Certainly! I was mostly trying to reword what you had to keep the same intent but not make it sound like the basis for the pragmas is "we think these other pragmas, which do work, were not good enough" because that's not very technically compelling.

================
Comment at: clang/docs/SafeBuffers.rst:213
+
+The attribute is NOT warranted when the function has runtime protection against
+overflows, assuming hardened libc++, assuming that containers constructed
----------------
jkorous wrote:
> aaron.ballman wrote:
> > One thing I think is worth pointing out about these docs is that the first example effectively says "do add the attribute because the size passed in to the function could be wrong" and the second example says "don't add the attribute on the assumption that the container has the correct size information". The advice feels a bit conflicting to me because in one case we're assuming callers pass in incorrect values and in the other case we're assuming callers pass in correct values and the only distinction between them is a "container was used".  But a significant portion of our users don't use libc++ (they use libstdc++ or MS STL for example).
> > 
> > I think we should have more details on why the STL used at runtime doesn't matter, or if it still really does matter, we may want to reconsider the advice we give.
> > 
> > Also, we don't give similar advice for use of the pragmas.

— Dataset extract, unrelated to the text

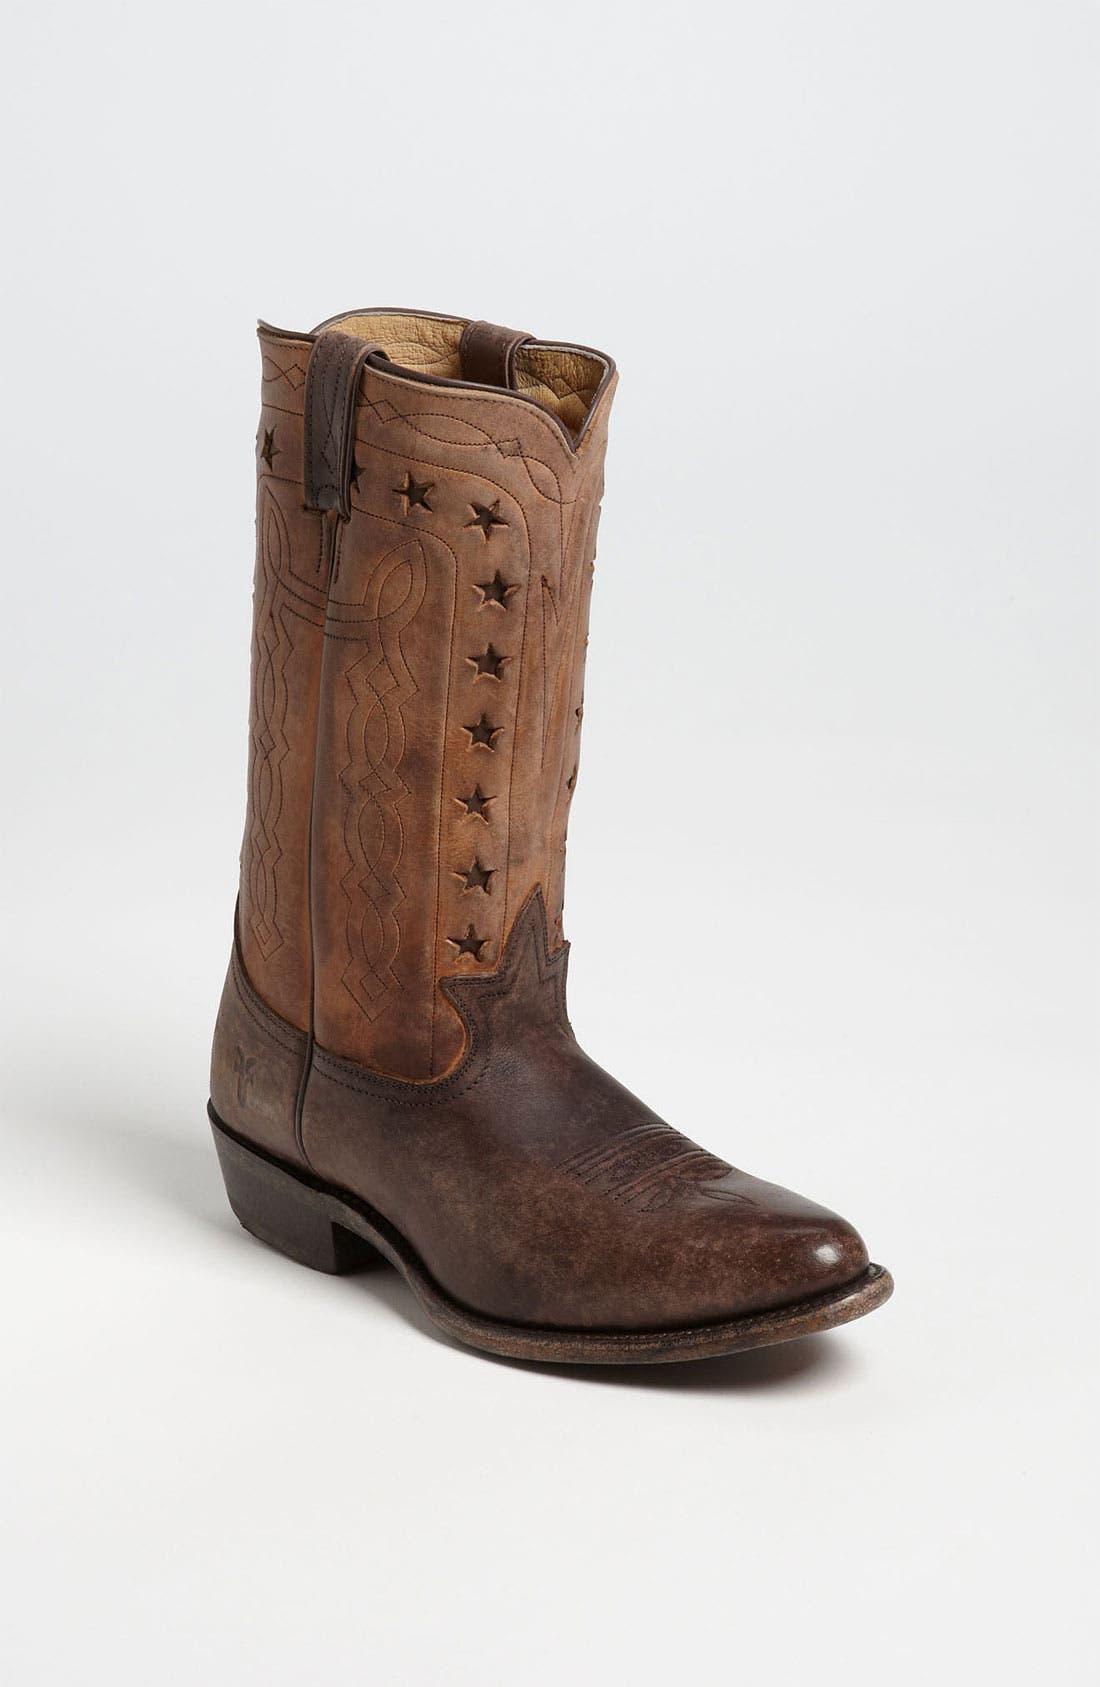 Alternate Image 1 Selected - Frye 'Wyatt Americana' Boot

Should we? (Maybe split the advice as to when to use markings in general out into its own section and reference it from both the pragma and attribute sections?)
> > One thing I think is worth pointing out about these docs is that the first example effectively says "do add the attribute because the size passed in to the function could be wrong" and the second example says "don't add the attribute on the assumption that the container has the correct size information". The advice feels a bit conflicting to me because in one case we're assuming callers pass in incorrect values and in the other case we're assuming callers pass in correct values and the only distinction between them is a "container was used". But a significant portion of our users don't use libc++ (they use libstdc++ or MS STL for example).
> 
> Our model depends on Standard Library used implementing the bounds checks.
> With that the "container was used" distinction is absolutely crucial - that is what adds the bounds checks and already mitigates certain classes of bugs (even if the `span` passed in still has the same wrong size).
> 
> Let's assume we're starting with this buggy code:
> 
> ```
> void caller() {
>   int buffer[10];
>   callee(buffer, 20);
> }
> 
> void callee(int* ptr, unsigned size) {
>   ptr[size-1] = 42;
>   ptr[size] = 42;
>   ptr[100] = 42;
> }
> ```
> and transform it to (this is just a part of what we actually plan but hopefully illustrates the point):
> ```
> void caller() {
>   int buffer[10];
>   callee(std::span<int>(buffer, 20), 20);
> }
> 
> void callee(std::span<int> ptr, unsigned size) {
>   ptr[size-1] = 42; // still unmitigated
>   ptr[size] = 42; // mitigated at runtime by std::span::operator[]() in hardened libc++
>   ptr[100] = 42; // mitigated at runtime by std::span::operator[]() in hardened libc++
> }
> ```
> Our model depends on Standard Library used implementing the bounds checks.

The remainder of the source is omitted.